Kitten rescued from Highway 427 after being thrown from a vehicle | Toronto Star


----------



## 10cats2dogs (Jun 16, 2013)

This is a Miracle!


----------



## BotanyBlack (Apr 6, 2011)

I am glad someone saved him. Some people should never be allowed to have an animal. 

Unfortunately It is NOT the first time I have heard of animals tossed out of a moving car.


----------



## Marcia (Dec 26, 2010)

This truly is a miracle this baby was saved. What kind of vicious monster tosses a kitten from a moving vehicle? I hope there is a deep place in &ell for someone that does these things.


----------



## Jenny bf (Jul 13, 2013)

Marcia said:


> This truly is a miracle this baby was saved. What kind of vicious monster tosses a kitten from a moving vehicle? I hope there is a deep place in &ell for someone that does these things.


Ditto this!


----------



## 21Rouge (Jul 20, 2013)

Marcia said:


> What kind of vicious monster tosses a kitten from a moving vehicle?


I have no doubt that these same people are badly behaved towards humans as well.


----------



## cat owner again (Dec 14, 2012)

Do onto others as you have them do onto you. That person needs to get tossed!


----------



## cat owner again (Dec 14, 2012)

I think that if people could get caught and heavily fined or even jail time, and then the newspapers published that, maybe it would discourage people.


----------



## gizmothecat (Jun 26, 2013)

cat owner again said:


> i think that if people could get caught and heavily fined or even jail time, and then the newspapers published that, maybe it would discourage people.


with their picture!!!!!!


----------



## Jetlaya67 (Sep 26, 2012)

Aww, poor baby! So glad he is safe now and with a home waiting for him!


----------



## struckers (Oct 2, 2013)

I haven't been on here in a long while (been SO busy with college!!) but I'm glad I stopped by to read this. So sad, but a happy ending to what could have been a very sad story. 

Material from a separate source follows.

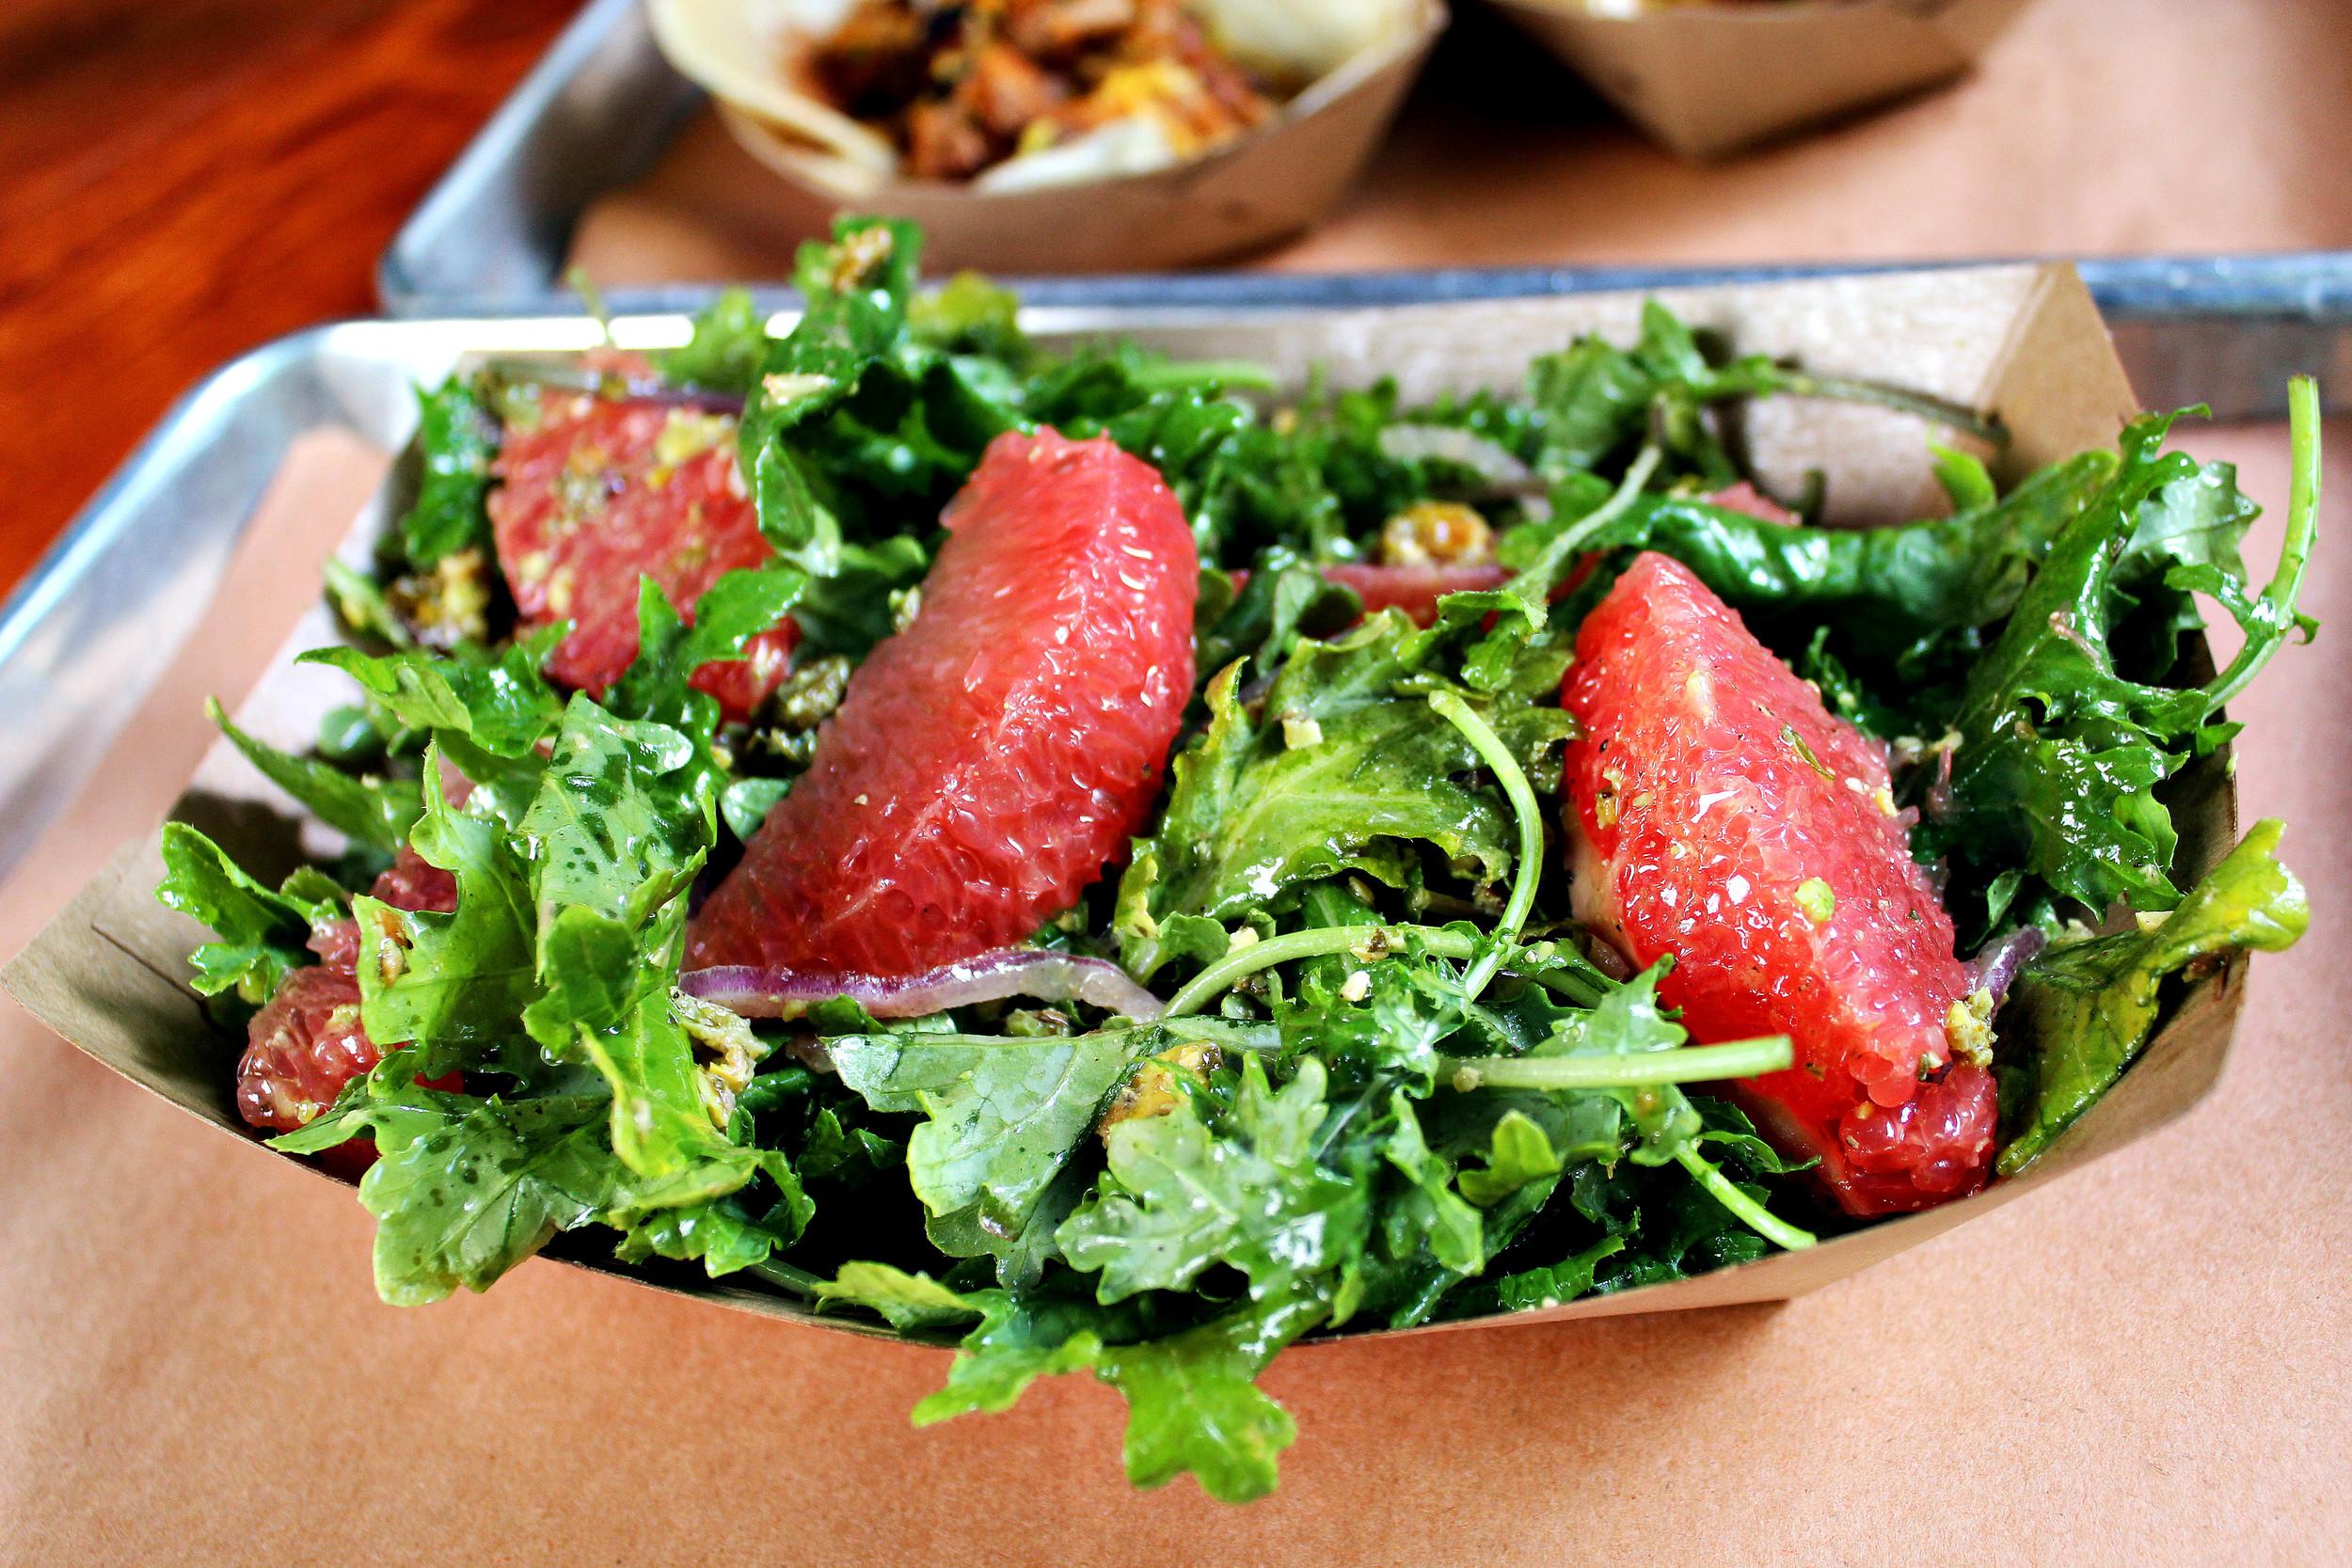 horse thief-kale salad.jpg

I've heard too many stories like this one. My own Pumpkin was tossed at a Wendy's in the rain. ):


----------



## Smaughunter (Feb 14, 2014)

How awful. I just don't understand some people. That kitty is very lucky, he was thrown out of a car and ended up in a loving forever home.


----------



## 21Rouge (Jul 20, 2013)

*UPDATE:*

Kitten flung from car on Highway 427 finds a home with rescuer | Toronto Star


----------



## cat owner again (Dec 14, 2012)

Look at that sweet kitty face. I am pretty scared of someone that would do such a thing and does not respect life. It is fitting that a nurse who tries to save lives has adopted the kitten.


----------